Он выпятил грудь, воинственно поднял руку – и вдруг… услышал смешок! Кто-то из заключённых тихонько прыснул. Комендант побагровел, сжал кулаки и сделал два шага по направлению к шеренге. Было в нём что-то от опереточного полководца – немыслимо комичное и нелепое. Раздался дружный взрыв хохота. Вероятно, впервые за всё время существования этих подземных коридоров и камер в них слышался смех. Нет, это был не смех, а именно хохот, с каждым мгновением становившийся всё громче. Отзвук его, словно воздушная волна огромной силы, разнесся по всему подземелью. Не знаю почему, но я не смеялся, хоть мне и очень хотелось вместе со всеми хохотать, издеваться над своими палачами, плевать им в глаза…

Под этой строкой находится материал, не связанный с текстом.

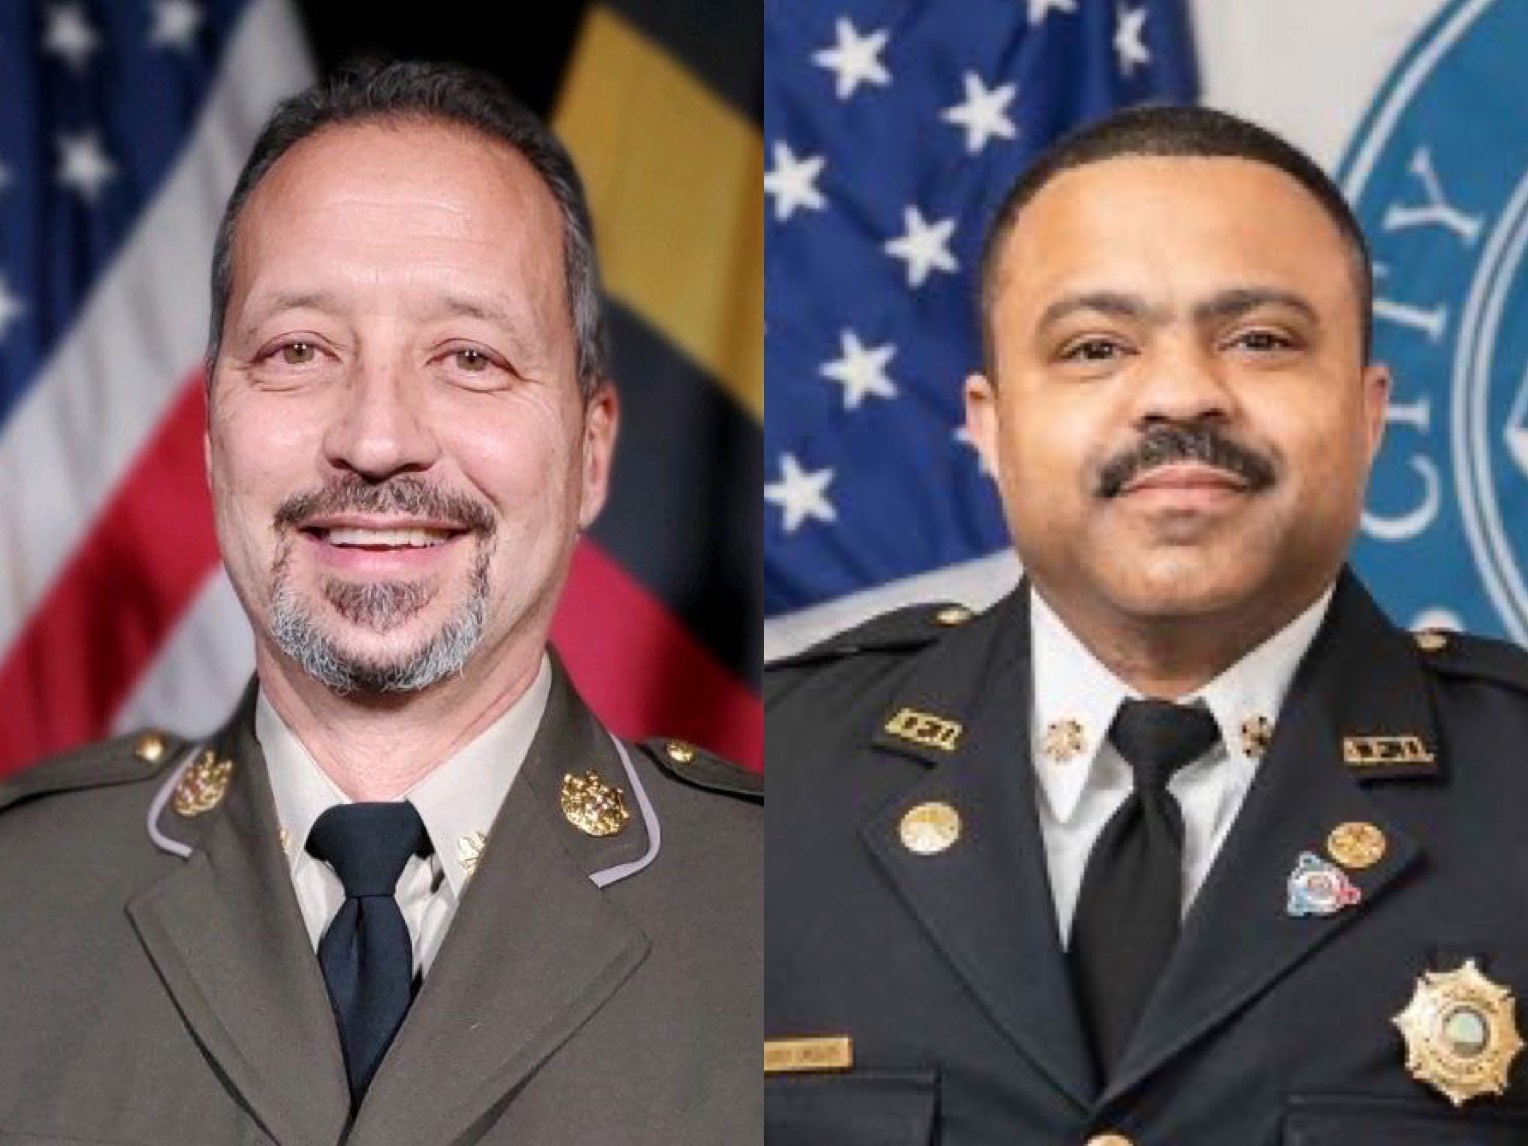 Izquierda: Candidato a Jefe de MCPD, Marc Yamada; Derecha: Candidato a Jefe de bomberos Corey Smedley.

Этот смех испугал коменданта. Он схватился за кобуру, но, увы, она была пуста. Захлебываясь от ярости, он крикнул что-то солдатам, а сам бросился бежать по коридору к лестнице. Конвоиры принялись загонять нас в камеры, но в первые секунды никто и внимания на них не обратил. Заключённые продолжали хохотать. Кто-то пронзительно свистнул, и это почему-то ещё больше развеселило людей. Теперь уж вместе со всеми смеялся и я – невозможно было не смеяться. Стоявшие впереди меня Иван и Али хохотали громче других. А Цой крикнул вдогонку убегающему коменданту:
– Эй, береги шею!
Это замечание вызвало новый взрыв смеха.
Смеялся и Хуан. Прикованный к своей тележке где-то там, у самой земля, он сидел с высоко поднятой головой и трясся от хохота. Я посмотрел на него, и мне стало страшно. Вы хотите знать почему? Не знаю, как вам объяснить. Чтобы понять меня, вам самому следовало бы взглянуть на этот хохочущий обрубок, услышать, как гремела и тряслась под ним тележка, увидеть его глаза, в которых любой, пусть даже самый неопытный наблюдатель, мог прочитать протест обреченного, но.не потерявшего мужества, не смирившегося со своей участью сильного человека.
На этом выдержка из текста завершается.